Though that tool predates our use of binman for generating the images on
Rockchip, so maybe Binman checks properly. I vaguely remember having
binman shout at me that my xPL was too big (likely because it detected
an overlap with the offset at which U-Boot proper is expected). One way
to be sure is to artificially increase the size of the binary and check
if it fails when expected to.
FYI, on Rockchip we went for a unique binary (u-boot-rockchip.bin) which
contains both the xPL and U-Boot proper at the expected offset. Then you
just need to tell users to flash the binary at the offset the BootROM is
expecting to find the xPL header. It's rather convenient (but is a bit
"bloated" by zeroes if U-Boot proper is much later in the storage medium
compared to the end of the xPL, e.g. by default on Rockchip proper is
almost ~8MiB after the start of xPL) because regardless of the device or
configuration, the flashing instructions are the same.
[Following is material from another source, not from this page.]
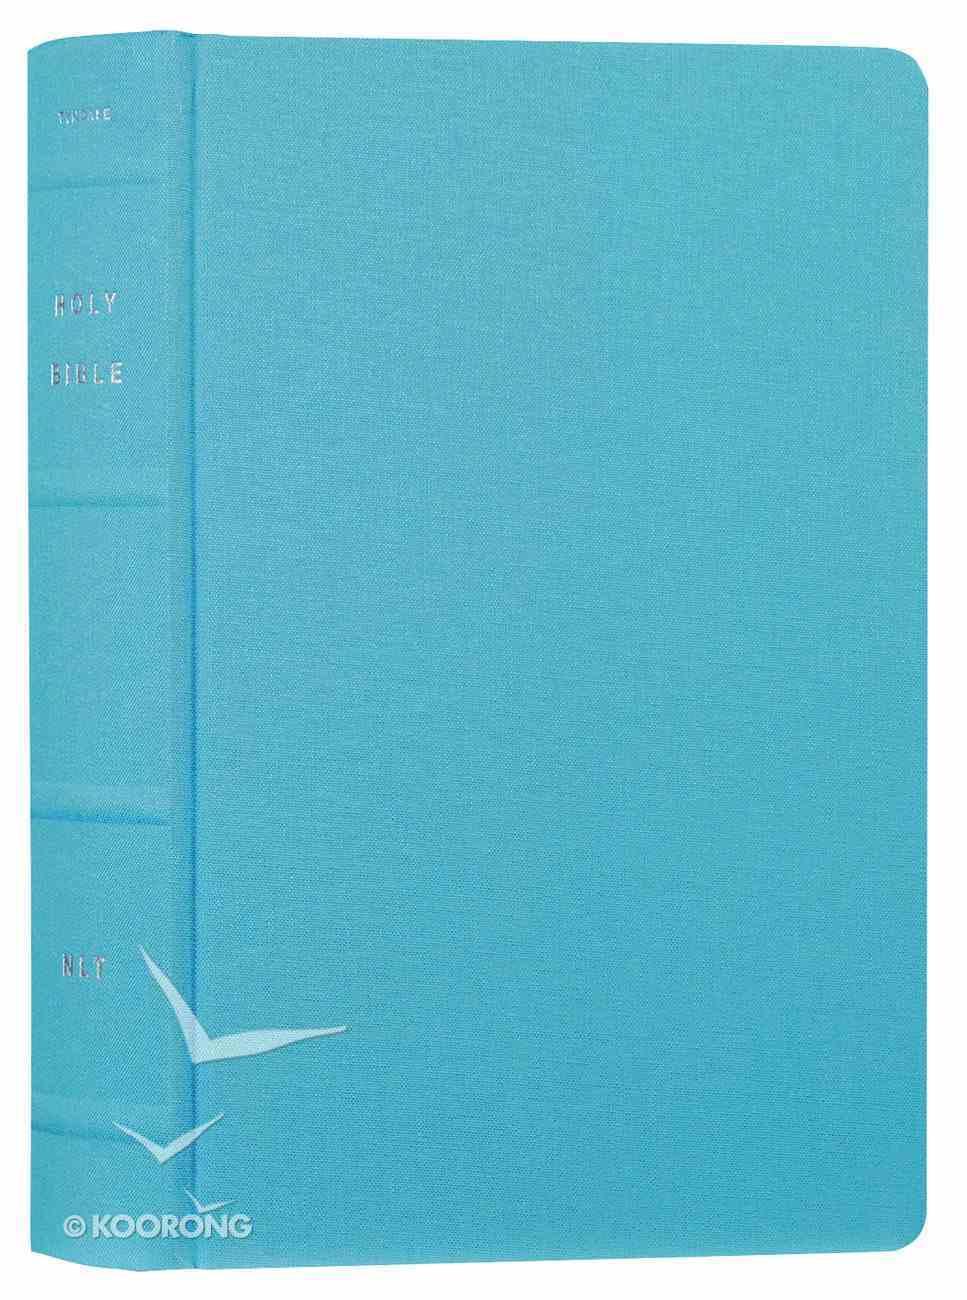 NLT Reflections Bible Ocean Blue (Black Letter Edition) Fabric Over Hardback

We still expose
the xPL and proper files individually if you want to flash them by hand
(which comes in handy when you want to use those 8MiB for storing e.g.
the U-Boot environment(s) and not erase it whenever you flash U-Boot).
Food for thoughts :)
[...]
>>> + };
>>> +
>>> + atf {
>>> + description = "ARM Trusted Firmware";
>>> + type = "firmware";
>>> + os = "arm-trusted-firmware";
>>> + arch = "arm64";
>>> + compression = "none";
>>> + load = <BL31_ADDR>;
>>> + entry = <BL31_ADDR>;
>>> +
>>> + atf-bl31 {
>>> + filename = "bl31.bin";
>>
>> I believe this is already the case if you set BL31 environment variable
>> to bl31.bin. I would simply remove it and let the user decide what's
>> best for them. For binman this comes from the -a atf-bl31-path=${BL31}
>> argument.
>>
>> The benefit is that you can now point to a BL31 outside of U-Boot's
>> tree, which is super convenient for debugging TF-A, or with build
>> systems like Yocto or Buildroot.
>>
>
> You can already point to a BL31 outside U-Boot's tree, and this is what
> I've been always doing when testing.
>
Reading tools/binman/etype/atf_bl31.py and
tools/binman/etype/blob_named_by_arg.py, it seems if BL31 env variable
is set (and thus passed via -a atf-bl31-path to binman) then the
filename property of atf-bl31 node is replaced with BL31. So you're right :)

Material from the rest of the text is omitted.